======== GIVEN MATERIAL ========

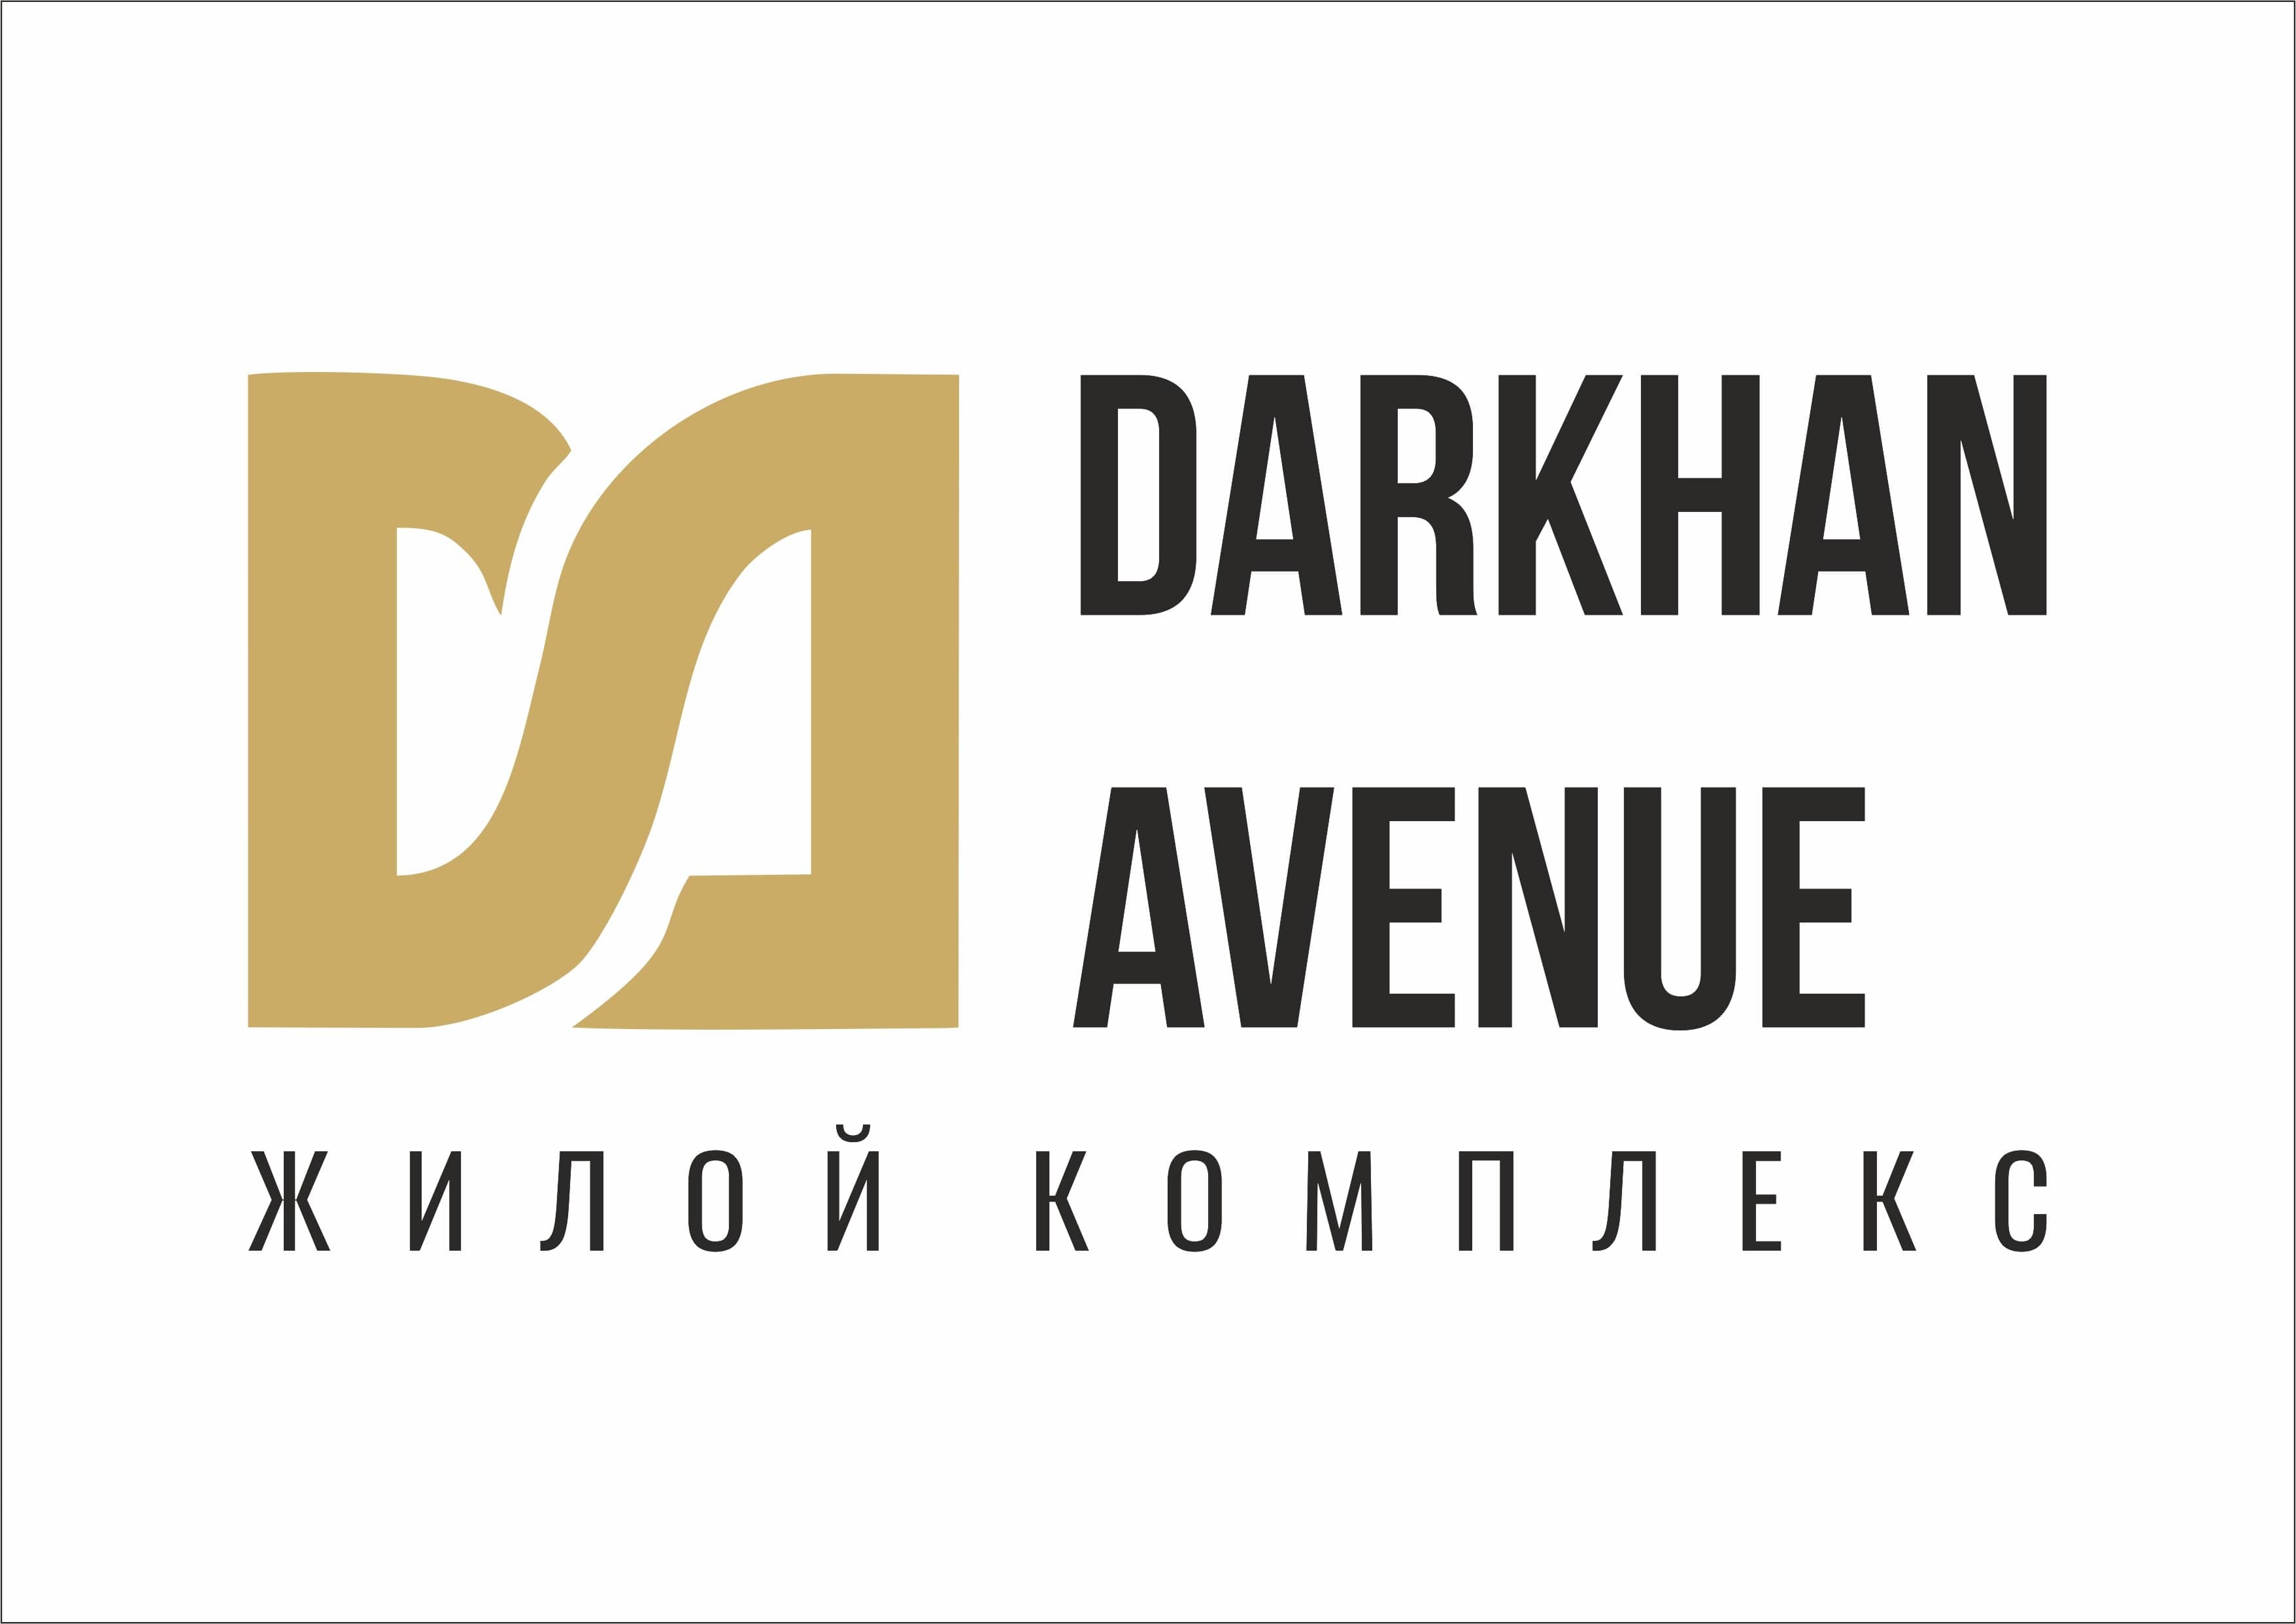  Darkhan Avenue
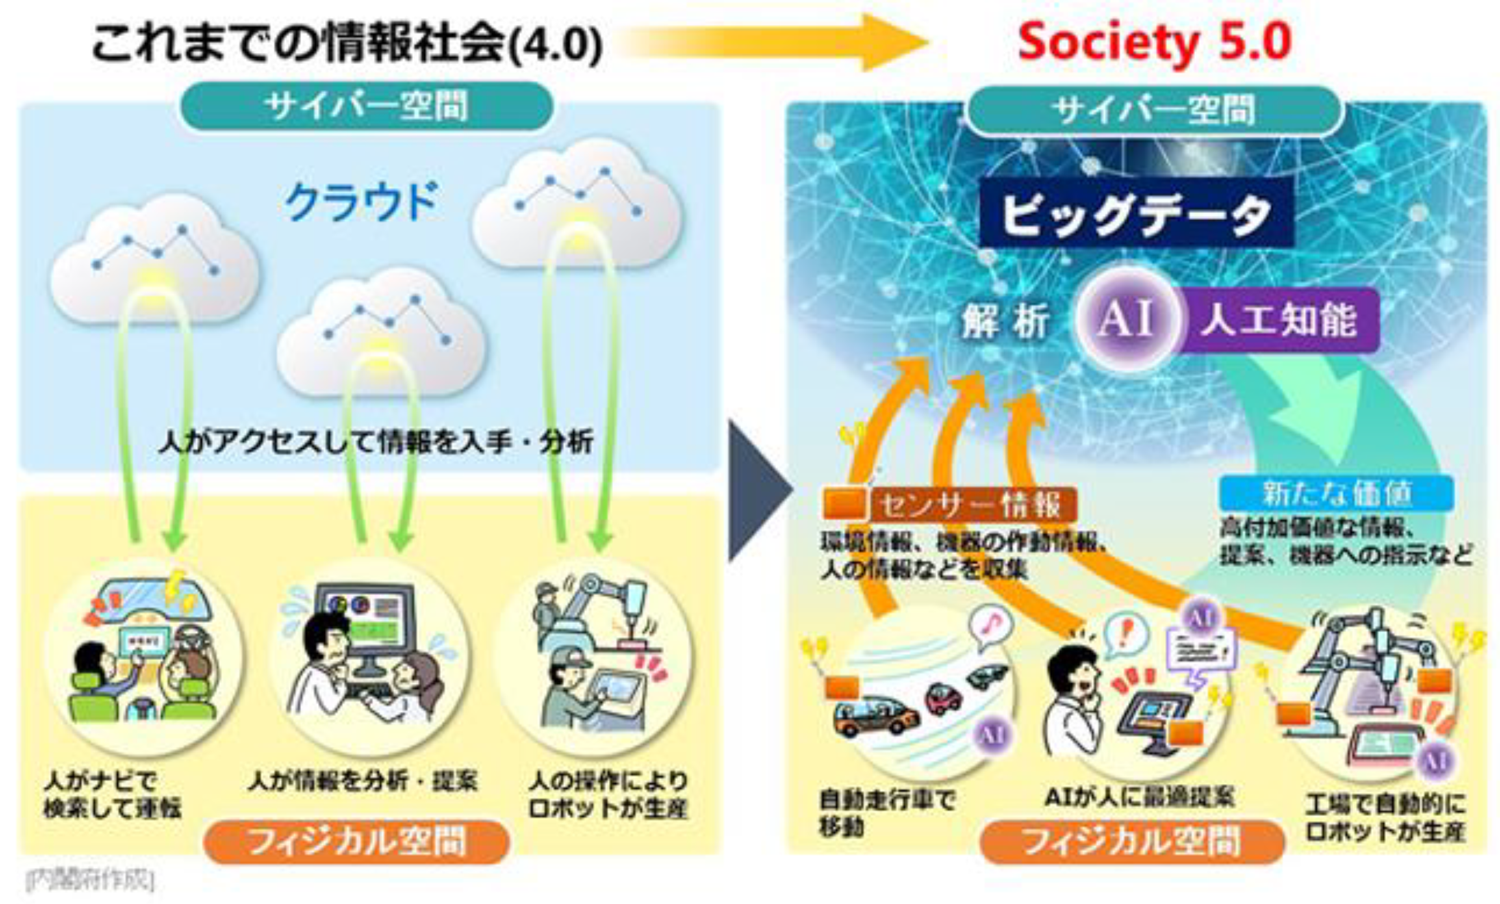 Society4.0からSociety 5.0への変革（内閣府）
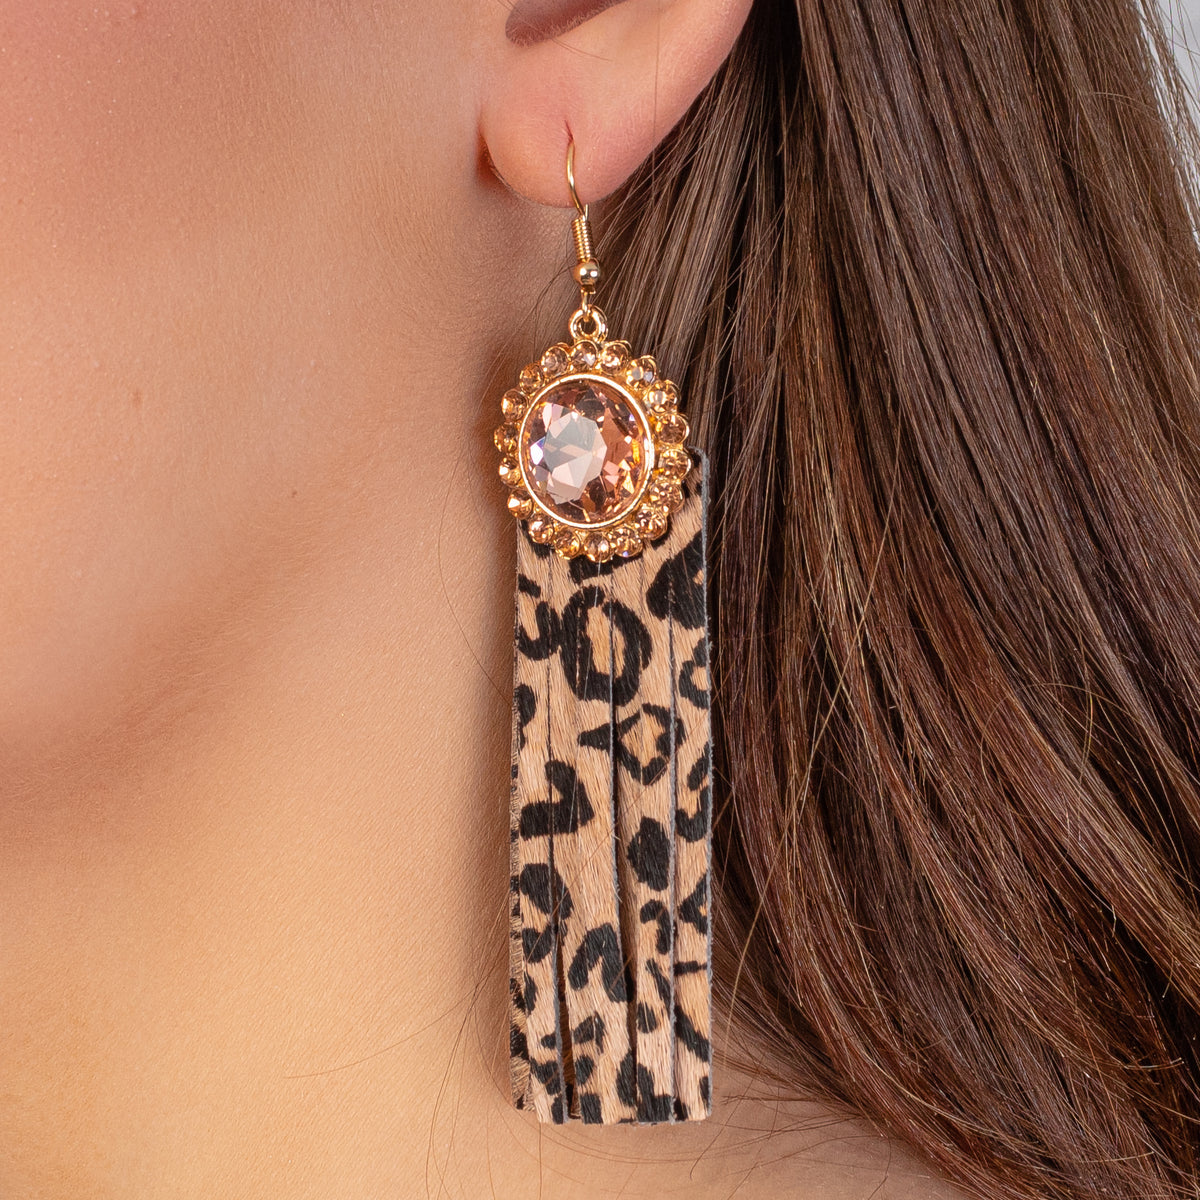 93020 - Rhinestone Tassel Earrings - Rose Gold - Fashion Jewelry Wholesale

========

[YOUR OBJECTIVE]
Transcribe all of the data above exactly; no picture belongs in the copy.

[OUTPUT OF THE TASK]
  Darkhan Avenue
 Society4.0からSociety 5.0への変革（内閣府）
 93020 - Rhinestone Tassel Earrings - Rose Gold - Fashion Jewelry Wholesale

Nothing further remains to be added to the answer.